[Exercise objective] Once you have found the line with "Honouring the men" in the records below, retype it and every line after it to the end exactly, with no pictures and nothing more.

Top of Dataset extract

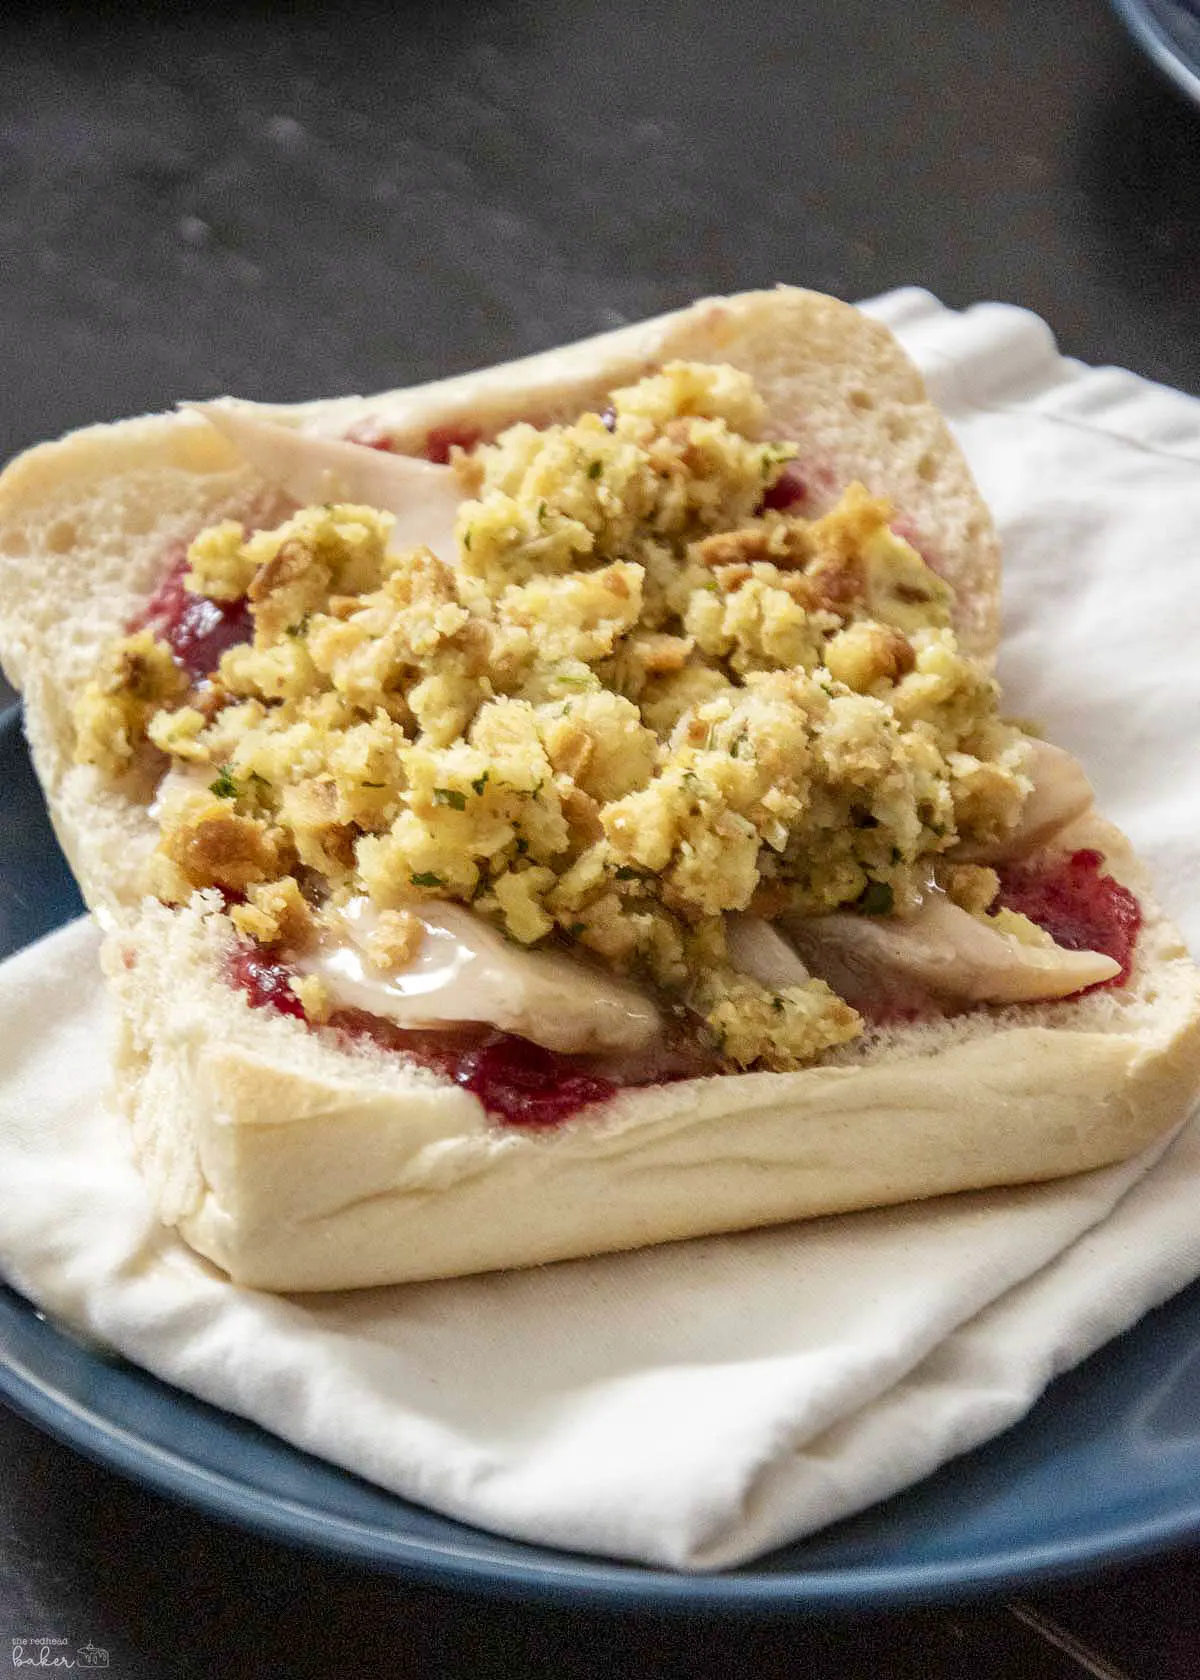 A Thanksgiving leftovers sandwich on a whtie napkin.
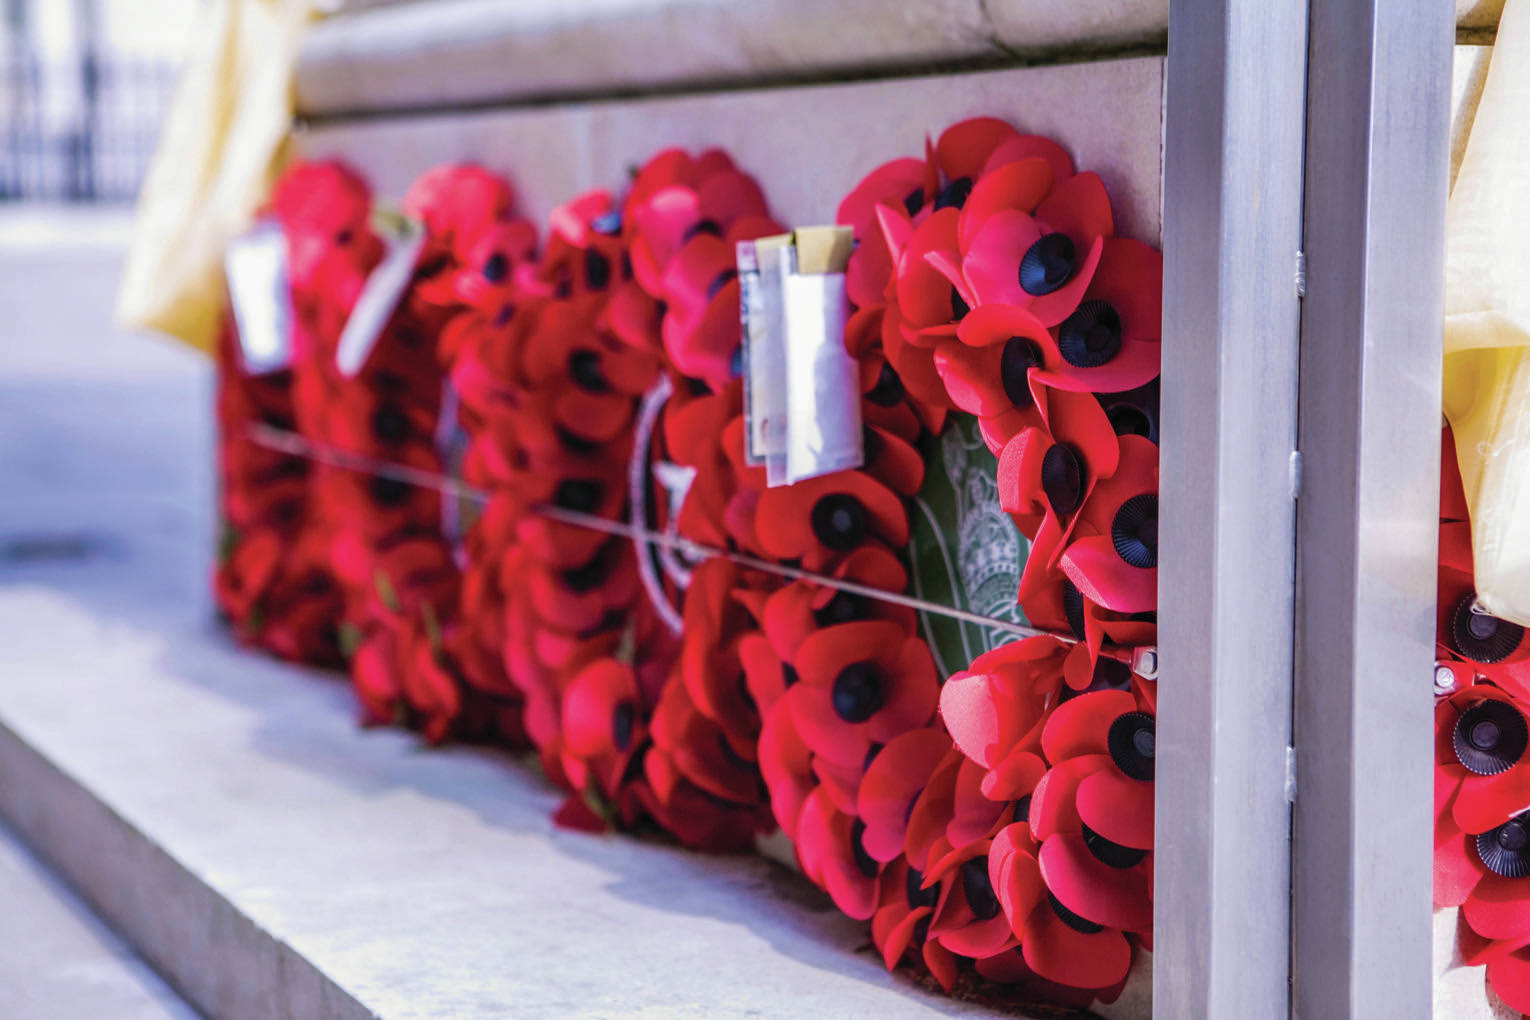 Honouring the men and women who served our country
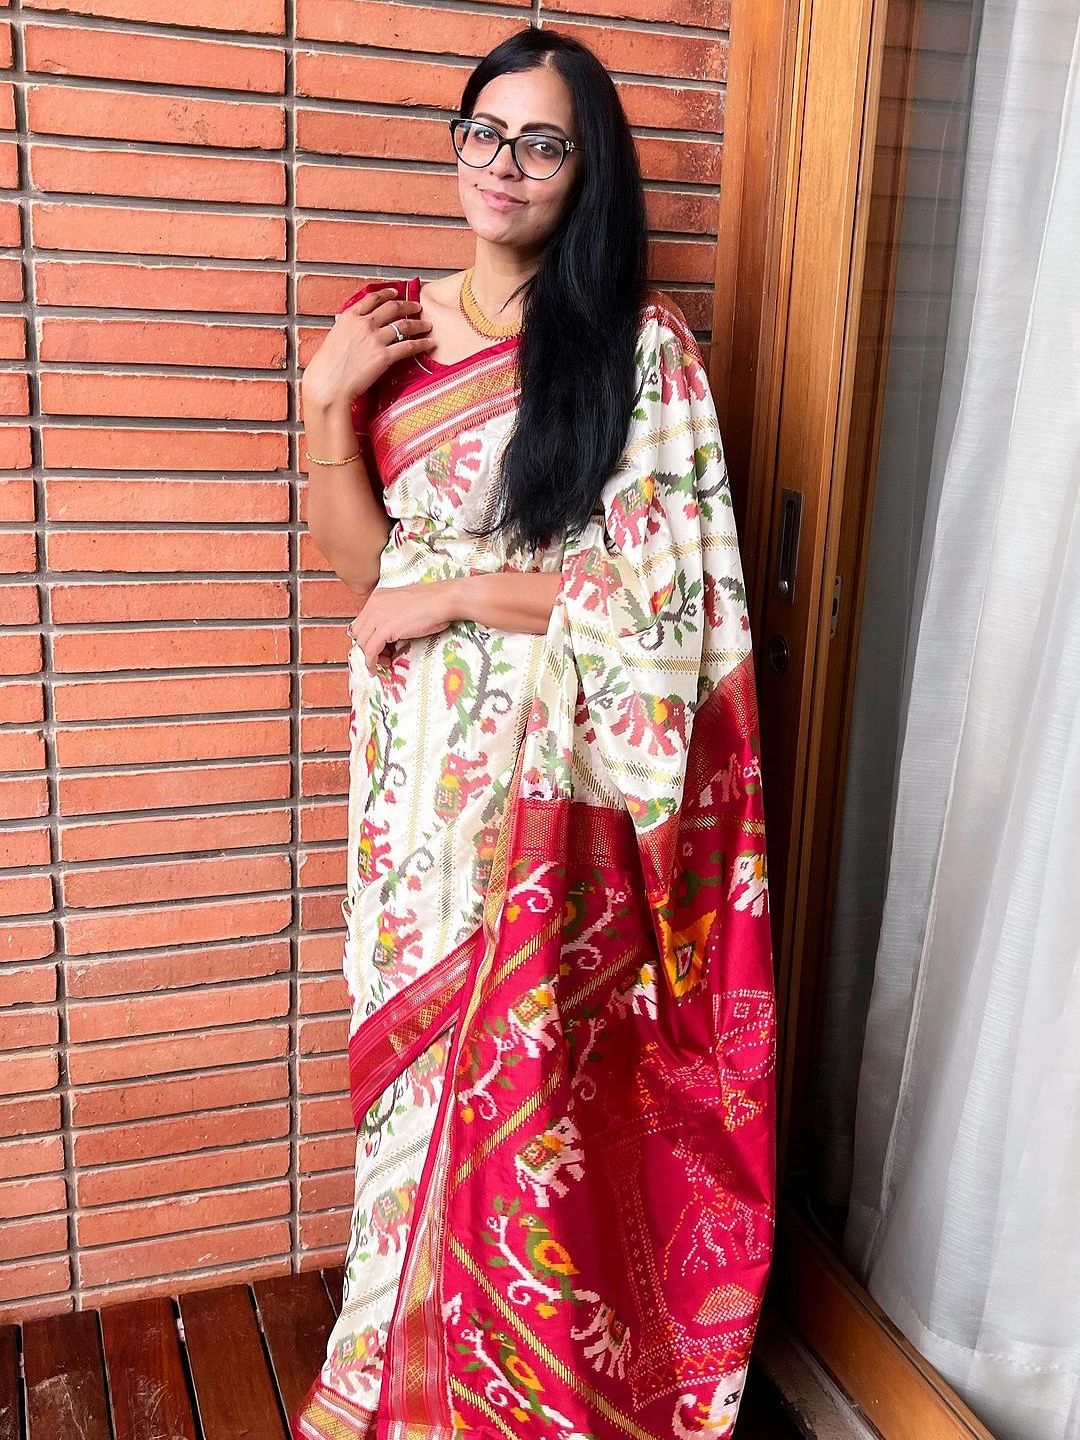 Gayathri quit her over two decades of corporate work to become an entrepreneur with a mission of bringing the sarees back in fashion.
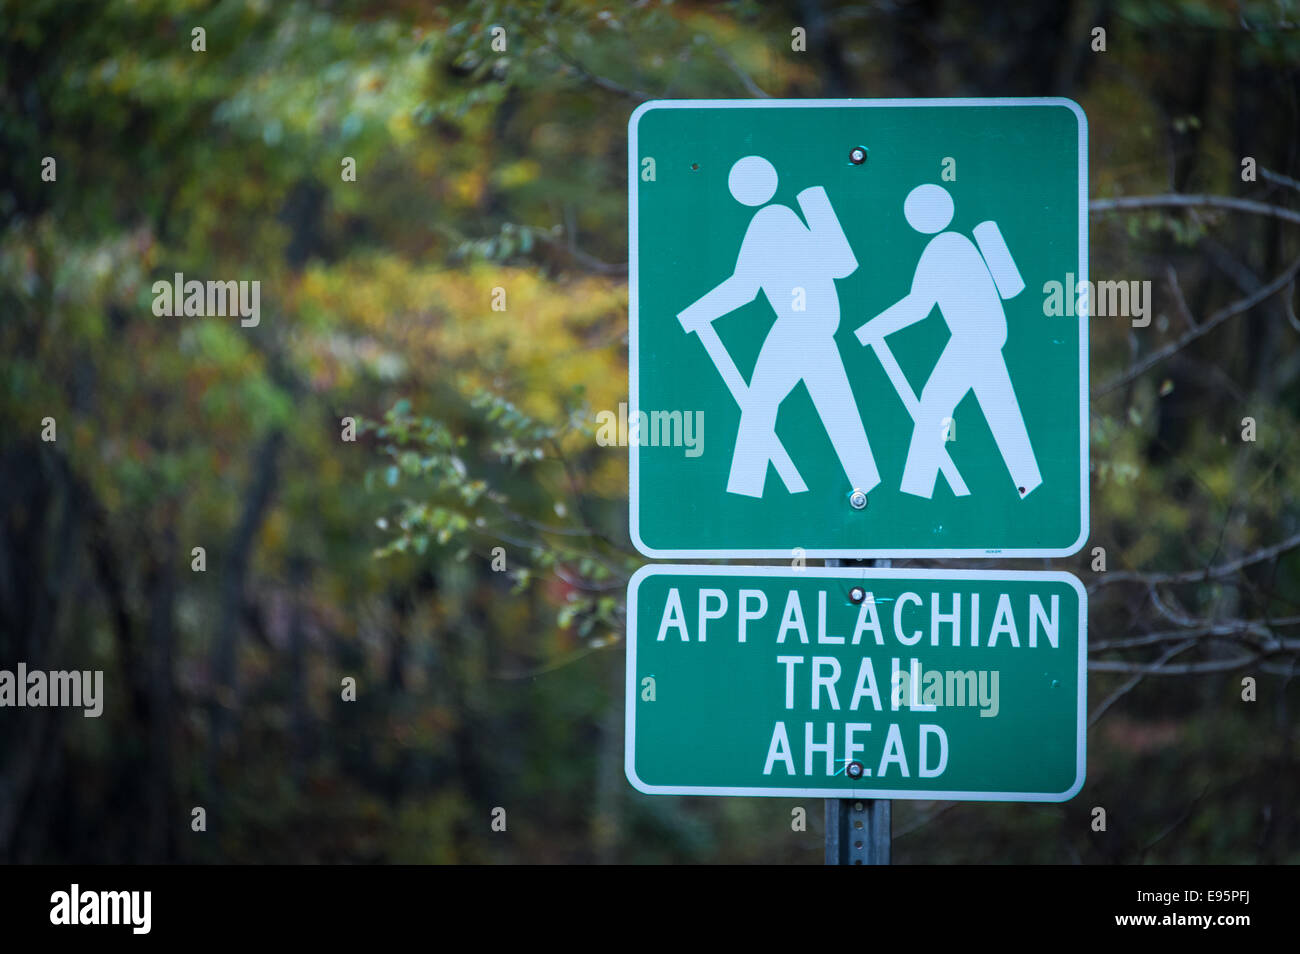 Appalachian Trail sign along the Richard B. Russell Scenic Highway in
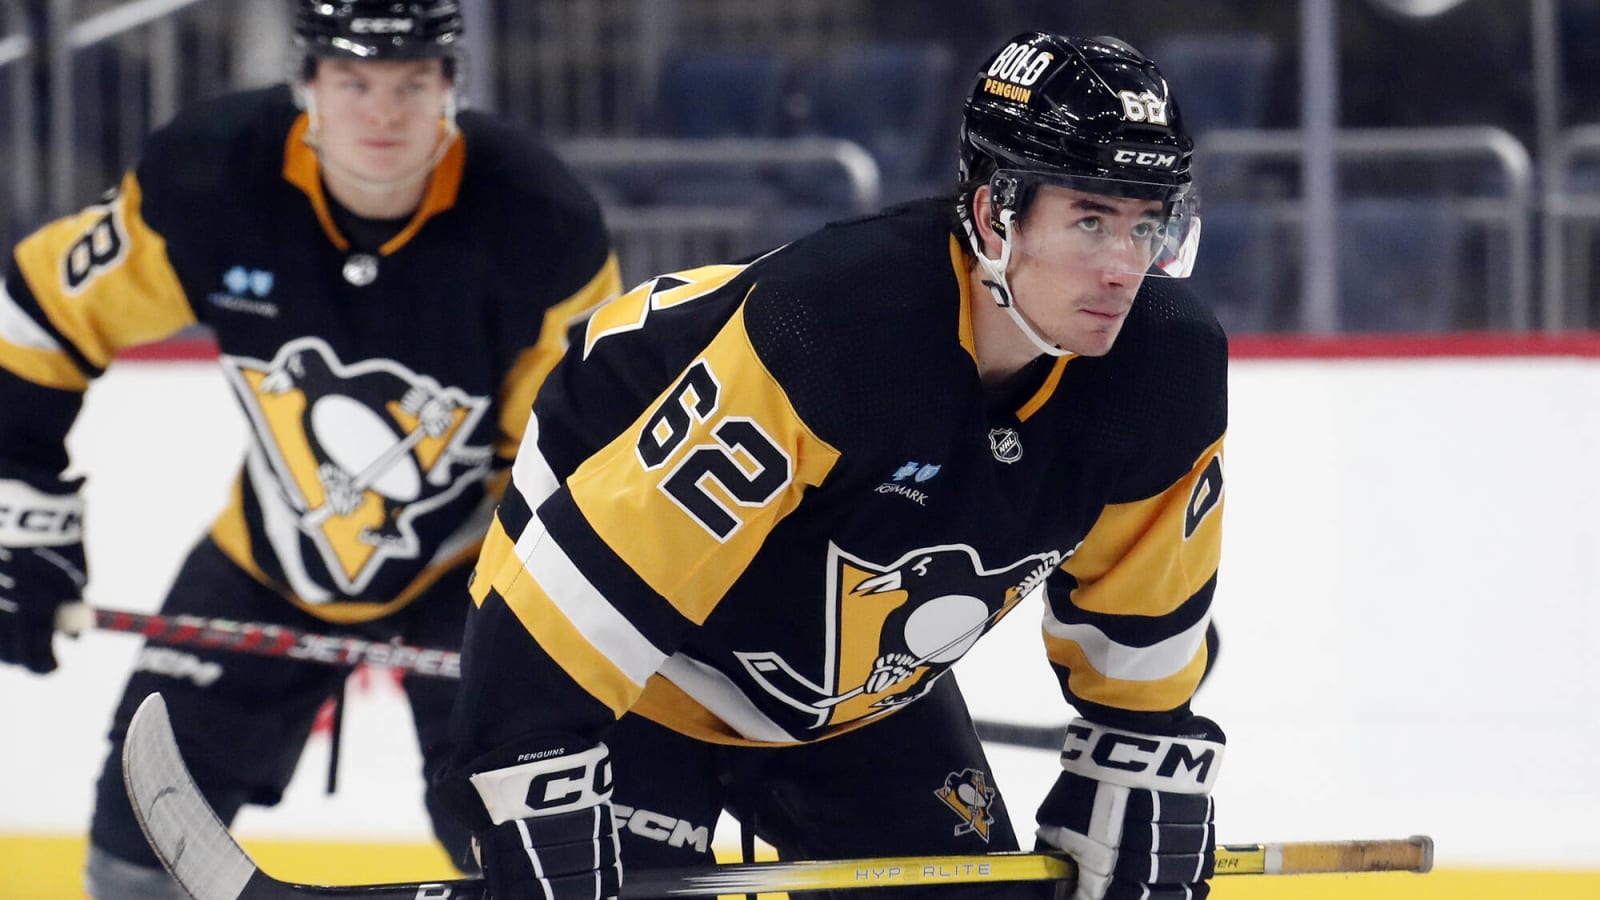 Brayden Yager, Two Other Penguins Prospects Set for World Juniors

Bottom of Dataset extract

[Output below]
 Honouring the men and women who served our country
 Gayathri quit her over two decades of corporate work to become an entrepreneur with a mission of bringing the sarees back in fashion.
 Appalachian Trail sign along the Richard B. Russell Scenic Highway in
 Brayden Yager, Two Other Penguins Prospects Set for World Juniors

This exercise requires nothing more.